WHAT YOU HAVE TO DO: Only one stretch of the listing below is wanted. Begin at the line that has "Dans les rues de Castro, quartier gay de SF", stop after the line that has "Uomo Supra Stacks", and repeat every line in between exactly.

***** PROVIDED INFORMATION *****

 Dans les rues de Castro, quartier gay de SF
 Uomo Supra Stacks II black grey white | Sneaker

*****
***** PROVIDED INFORMATION *****

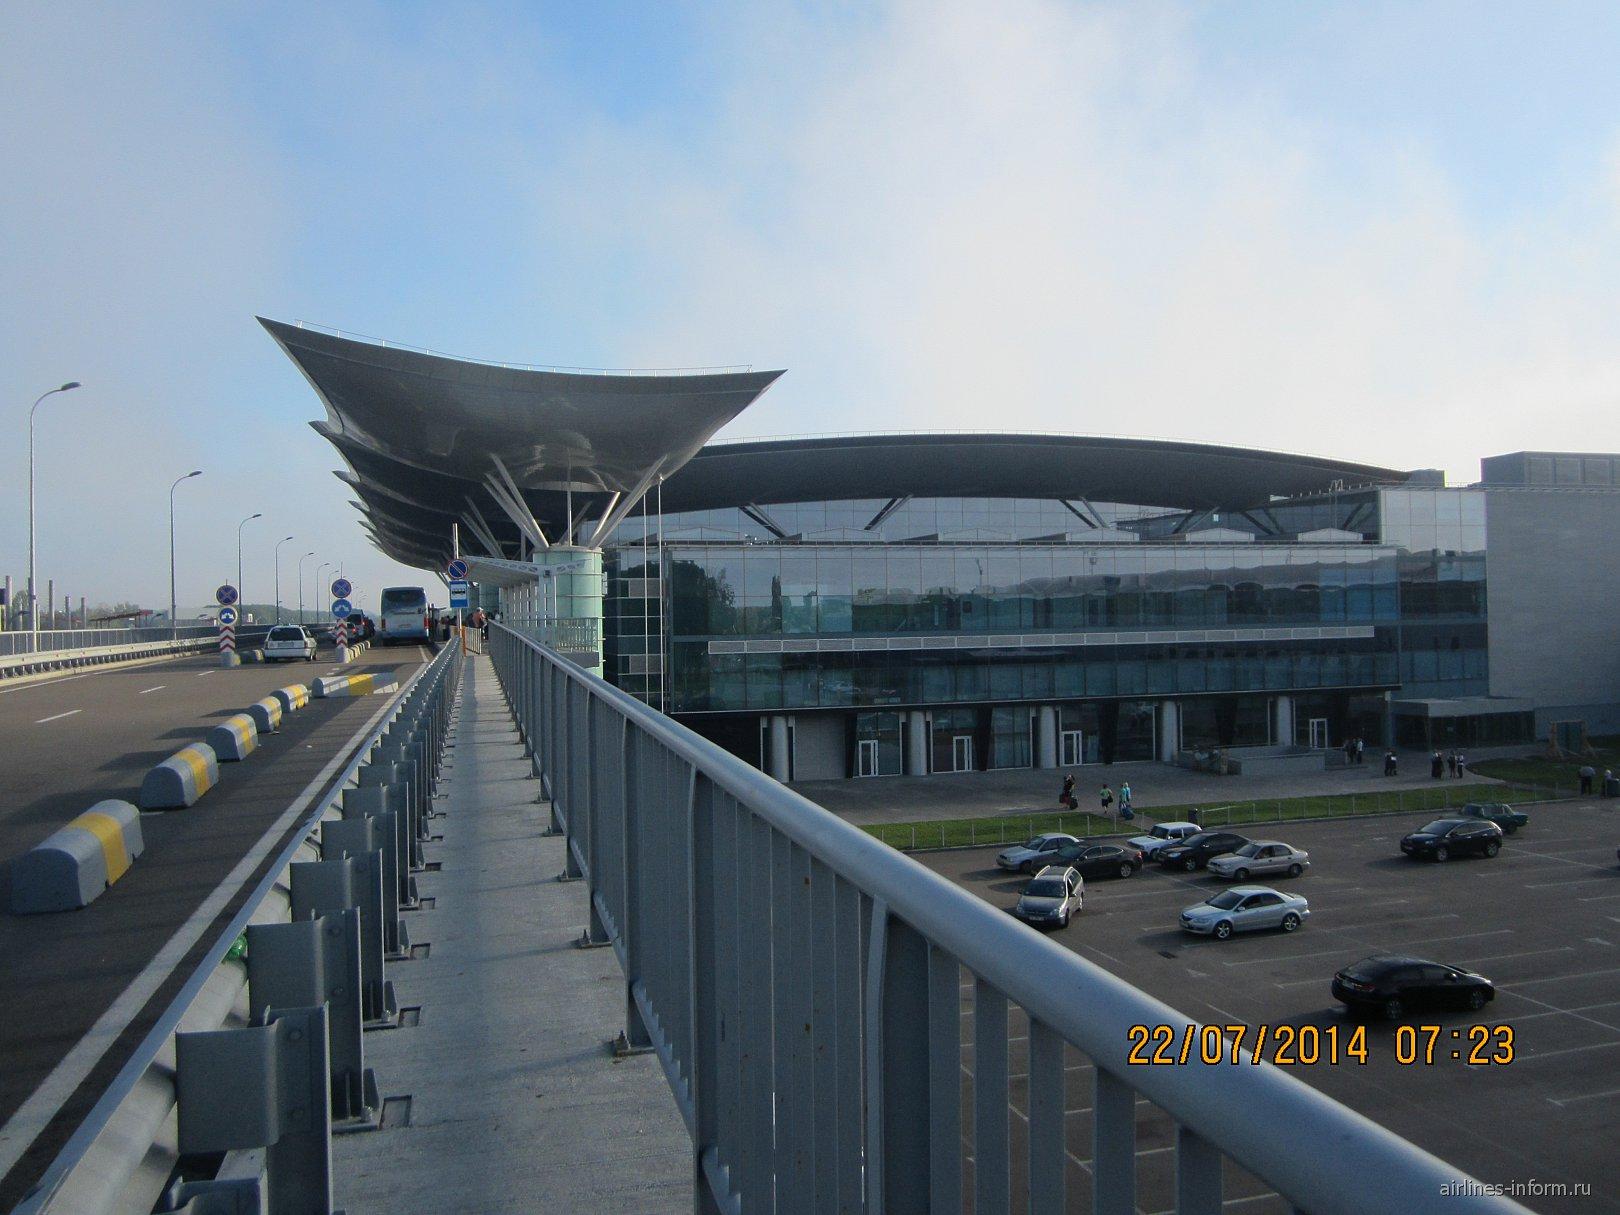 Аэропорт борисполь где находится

*****
***** PROVIDED INFORMATION *****

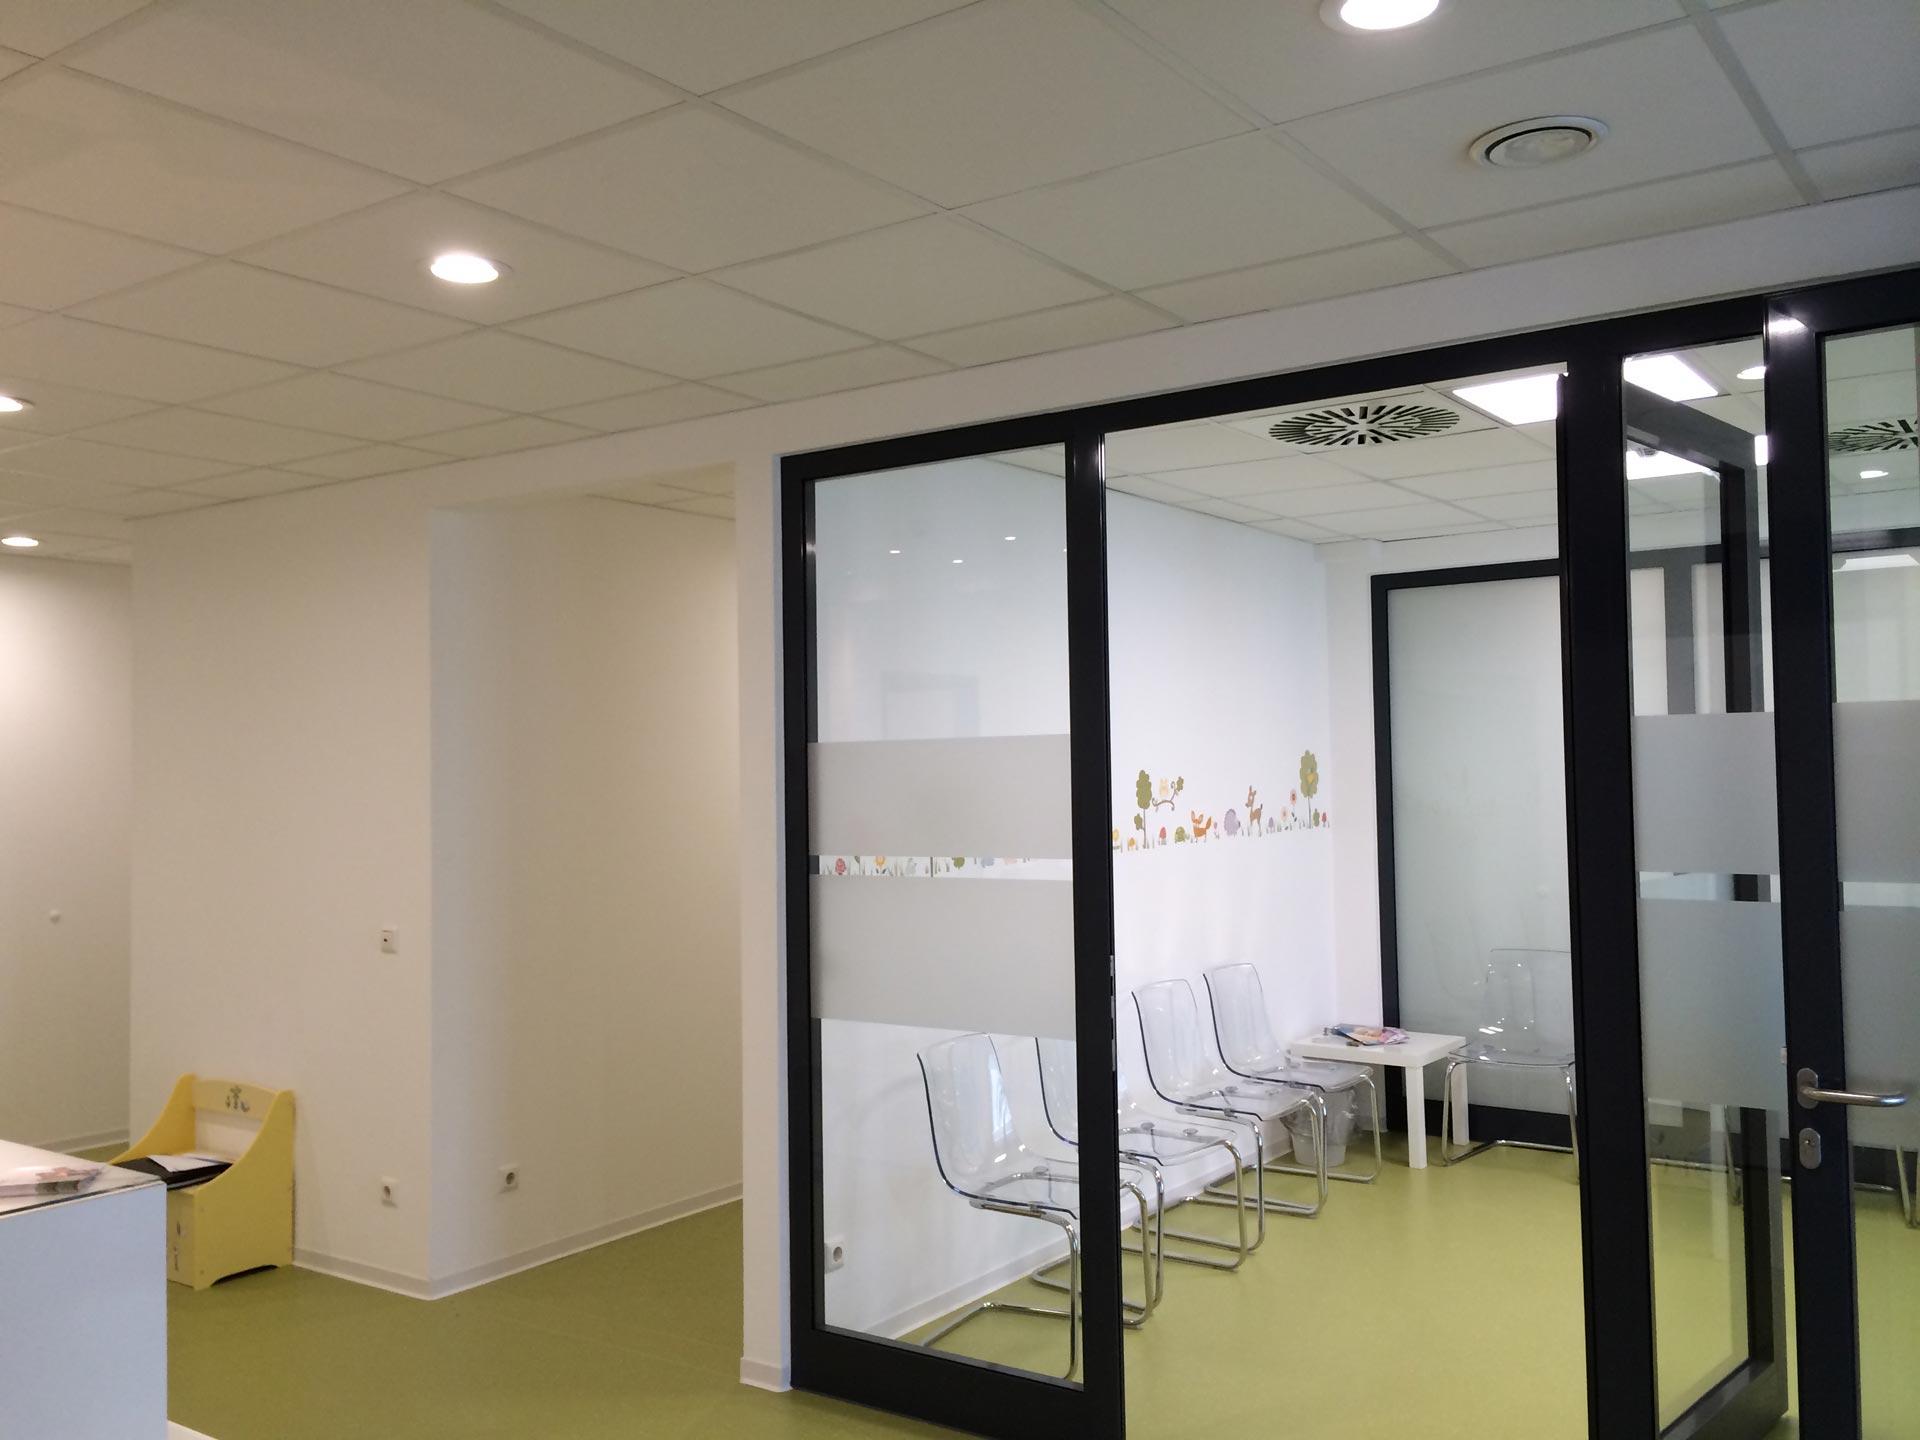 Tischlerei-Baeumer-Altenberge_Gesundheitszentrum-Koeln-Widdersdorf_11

*****

REPLY:
 Dans les rues de Castro, quartier gay de SF
 Uomo Supra Stacks II black grey white | Sneaker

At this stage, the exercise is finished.